Bauhaus Diaspora and Beyond: Transforming education through art, design and architecture
The Miegunyah Press, $64.99 pb, 288 pp
Bauhaus Diaspora and Beyond: Transforming education through art, design and architecture by Philip Goad et al.
Amid all the hoopla surrounding the centenary in 2019 of the Bauhaus – naturally more pronounced in Germany – it is gratifying to see such a fine Australian publication dealing with the international influence of this short-lived, revolutionary art and design teaching institute. Bauhaus Diaspora and Beyond – written by Philip Goad, Ann Stephen, Andrew McNamara, Harriet Edquist, and Isabel Wünsche – explores the Bauhaus and its influence in Australia.

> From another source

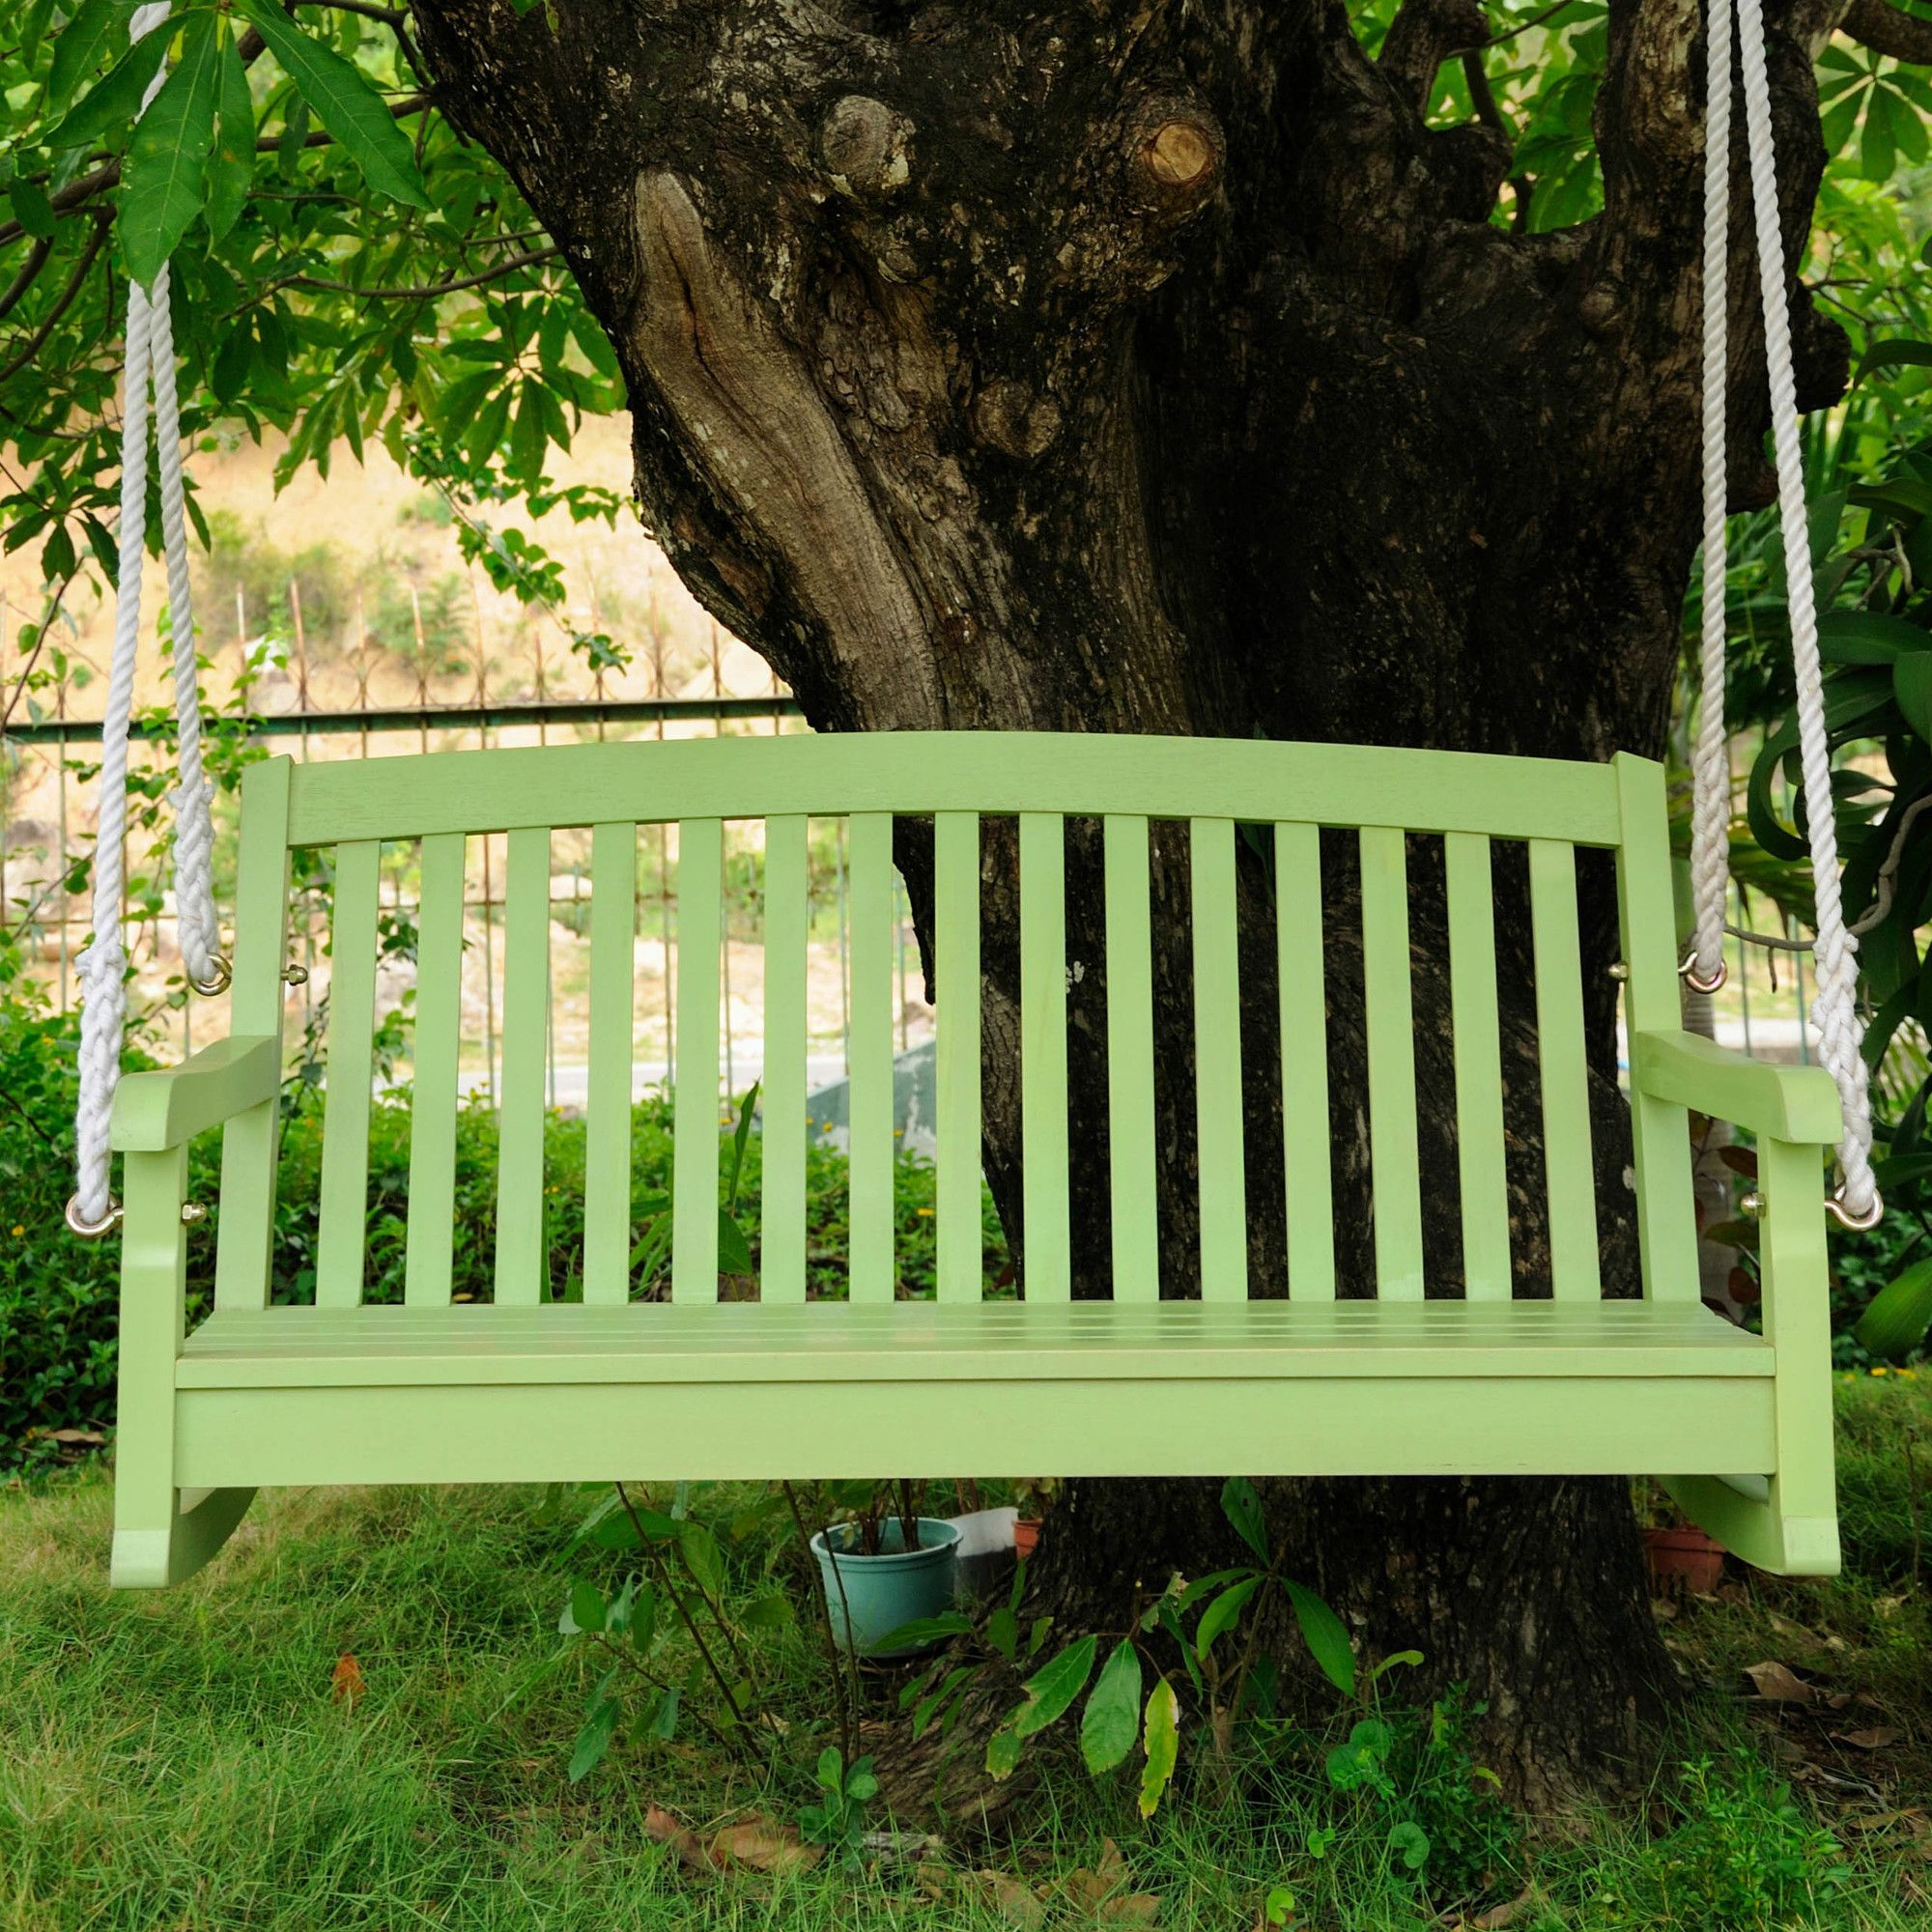 Bristol Porch Swing In 2020 | Porch Swing, Porch, Patio Swing Intended For Bristol Porch Swings (View 7 of 25)
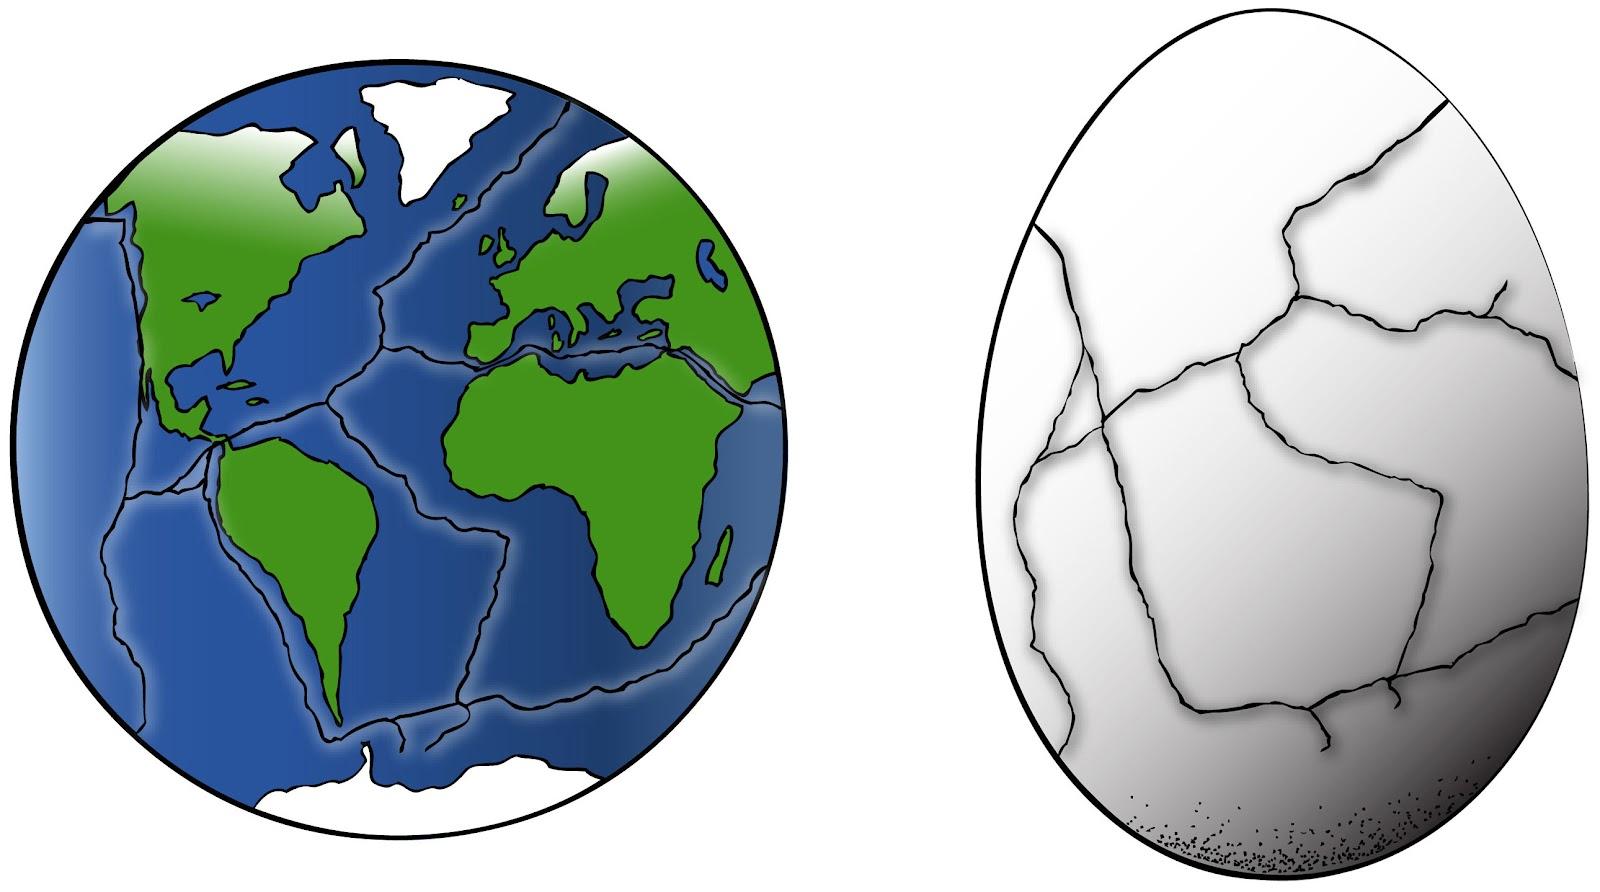 Myp Ii Grade 7 Science Blog Link To Plate Tectonic

Walter Gropius established the Bauhaus in Weimar in 1919. It moved to Dessau in 1925 (Mies van der Rohe became director in 1930), and thence to Berlin in 1932. A year later the Nazis shut it down. It had lasted for just fourteen years, and some of the instantly recognisable designs – notably the Bauhaus building itself, the flat-topped residential architecture by Gropius, and the tubular steel furniture by Marcel Breuer – were designed over an even shorter period (1925–28). In addition to those already mentioned, Josef Albers, Marianne Brandt, Wassily Kandinsky, Paul Klee, and László Moholy-Nagy are just some of famous artists connected with the Bauhaus.